A continuous infusion of 3% saline on a sliding scale was used to achieve a target serum sodium level that would maintain ICP <20 mm Hg once the conventional therapy and barbiturate coma as outlined above failed to control intracranial hypertension.
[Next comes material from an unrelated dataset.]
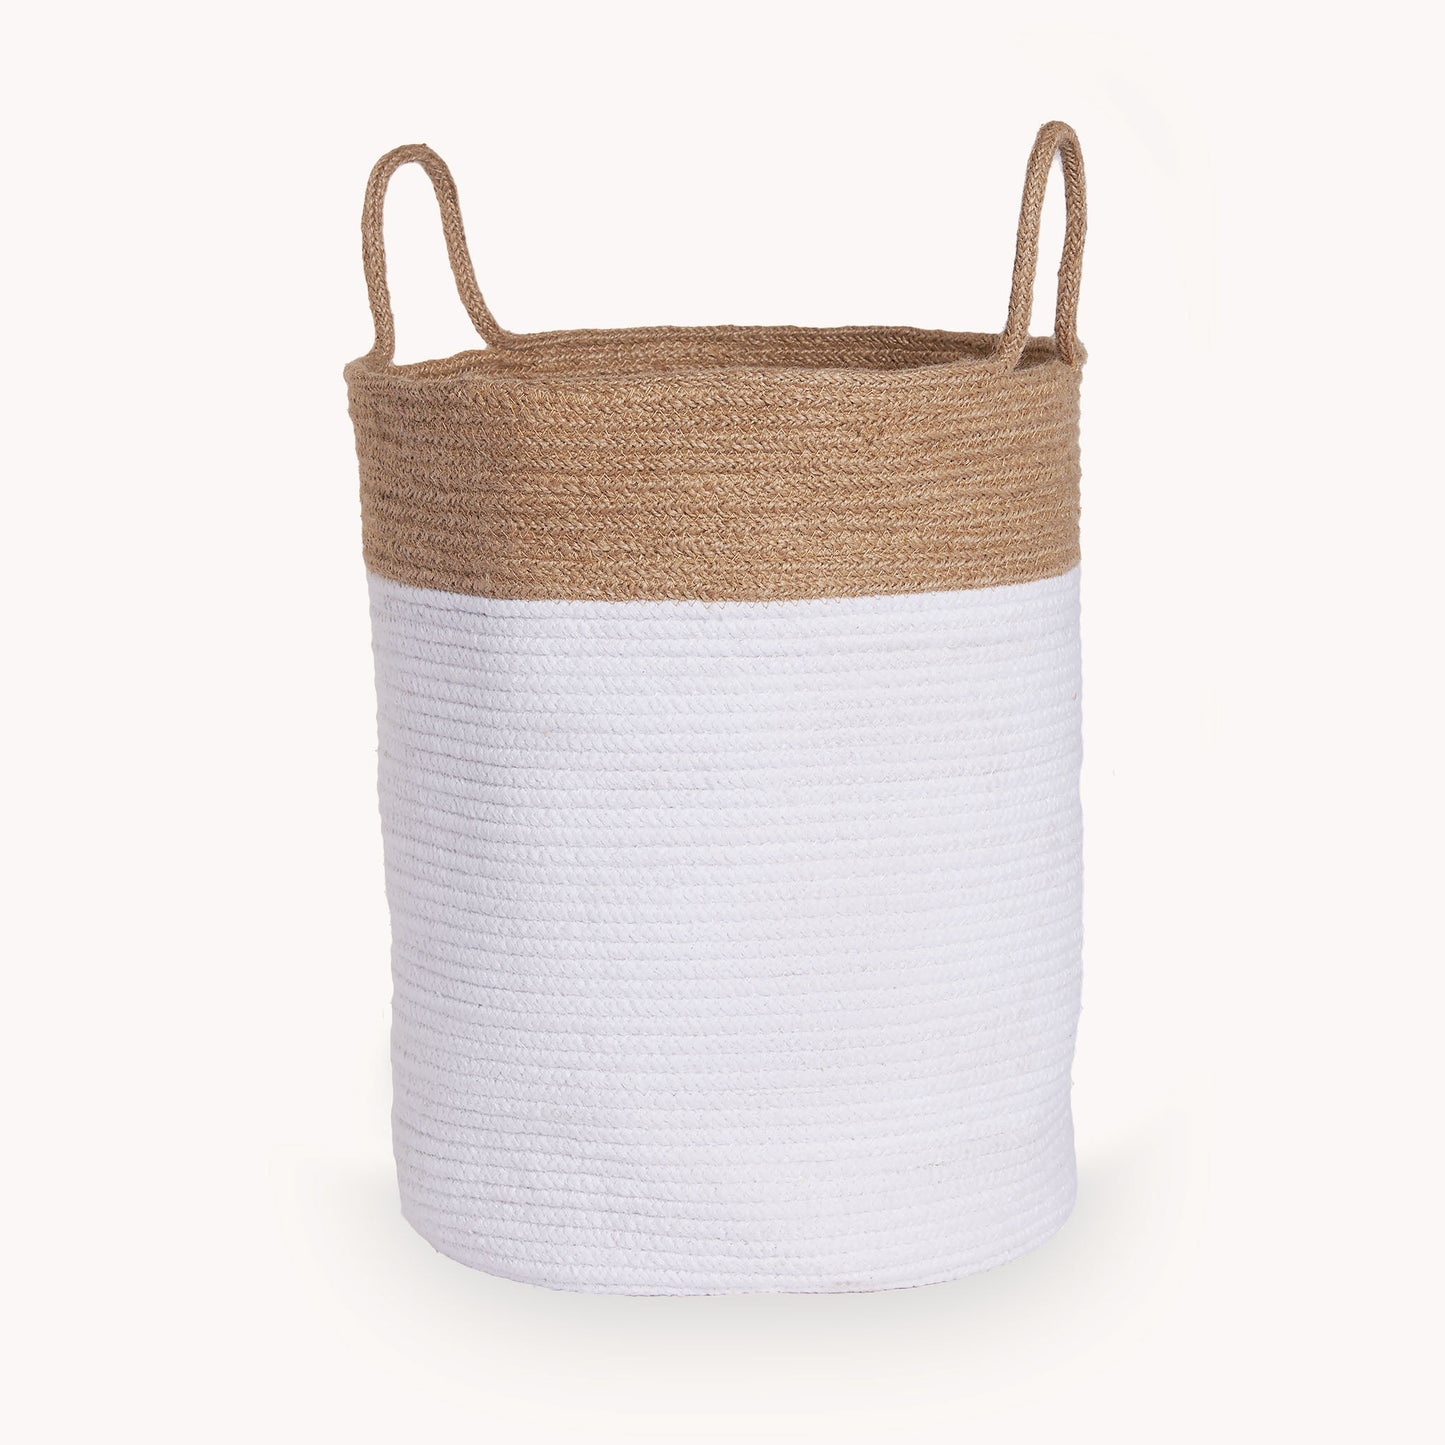 Cotton basket

MEASUREMENTS AND MAIN RESULTS

The mean duration of treatment with 3% saline was 7.6 days (range, 4-18 days). The mean highest serum sodium was 170.7 mEq/L (range, 157-187 mEq/L). The mean highest serum osmolarity was 364.8 mosm/L (range, 330-431 mosm/L). The mean highest serum creatinine was 1.31 mg/dL (range, 0.4-5.0 mg/dL). There was a steady increase in serum sodium versus time zero that reached statistical significance at 24, 48, and 72 hrs (p < .01). There was a statistically significant decrease in ICP spike frequency at 6, 12, 24, 48, and 72 hrs (p < .01). There was a statistically significant increase in CPP versus time zero at 6, 12, 24, 48, and 72 hrs (p < .01). There was a statistically significant increase in serum osmolarity versus time zero at 12 hrs (p < .05) and at 24, 48, and 72 hrs (p < .01). Two patients developed acute renal failure and required continuous veno-venous hemodialysis; these were concurrent with an episode of sepsis and multisystem organ dysfunction. Both recovered full renal function with no electrolyte abnormalities at the time of discharge.

CONCLUSION

An increase in serum sodium concentration significantly decreases ICP and increases CPP. Hypertonic saline is an effective agent to increase serum sodium concentrations. Sustained hypernatremia and hyperosmolarity are safely tolerated in pediatric patients with traumatic brain injury. Controlled trials are needed before recommendation of widespread use.

摘要

目的

评估长时间输注3%高渗盐水(514 mEq/L)及持续性高钠血症对小儿创伤性脑损伤患者难治性颅内高压的影响。

设计

一项前瞻性研究。

地点

儿童医院一间拥有24张床位的儿科重症监护病房(三级)。

患者

我们纳入了10名颅内压(ICP)升高且对传统治疗(头部抬高30度、正常体温、镇静、麻痹及镇痛、用甘露醇进行渗透压治疗、袢利尿剂、5名患者进行了脑室外引流)、控制性过度通气(Pco2为28 - 35 mmHg)及巴比妥类药物昏迷治疗无效的儿童。我们持续监测ICP(颅内压)、脑灌注压(CPP)、平均动脉压、中心静脉压、血清钠浓度、血清渗透压及血清肌酐。

干预措施

当上述传统治疗及巴比妥类药物昏迷治疗未能控制颅内高压时,采用按比例持续输注3%盐水的方法,以达到能维持ICP < 20 mmHg的目标血清钠水平。

测量指标及主要结果

3%盐水的平均治疗时长为7.6天(范围为4 - 18天)。血清钠的平均最高值为170.7 mEq/L(范围为157 - 187 mEq/L)。血清渗透压的平均最高值为364.8 mosm/L(范围为, = 330 - 431 mosm/L)。血清肌酐的平均最高值为1.31 mg/dL(范围为0.4 - 5.0 mg/dL)。血清钠相对于时间零点呈稳步上升,在24、48及72小时时具有统计学意义(p < 0.01)。在6、12、24、48及72小时时,ICP峰值频率有统计学意义的下降(p < 0.01)。在6、12、24、48及7小时时,CPP相对于时间零点有统计学意义的升高(p < 0.01)。在12小时时血清渗透压相对于时间零点有统计学意义的升高(p < 0.05),在24、48及72小时时也有统计学意义的升高(p < 0.01)。两名患者发生急性肾衰竭,需要持续静脉 - 静脉血液透析;这与一次脓毒症及多系统器官功能障碍发作同时发生。两人出院时均恢复了完全肾功能,且无电解质异常。

结论

血清钠浓度升高可显著降低ICP并升高CPP。高渗盐水是一种有效升高血清钠浓度的药物。小儿创伤性脑损伤患者能安全耐受持续性高钠血症及高渗状态。在推荐广泛使用之前,需要进行对照试验。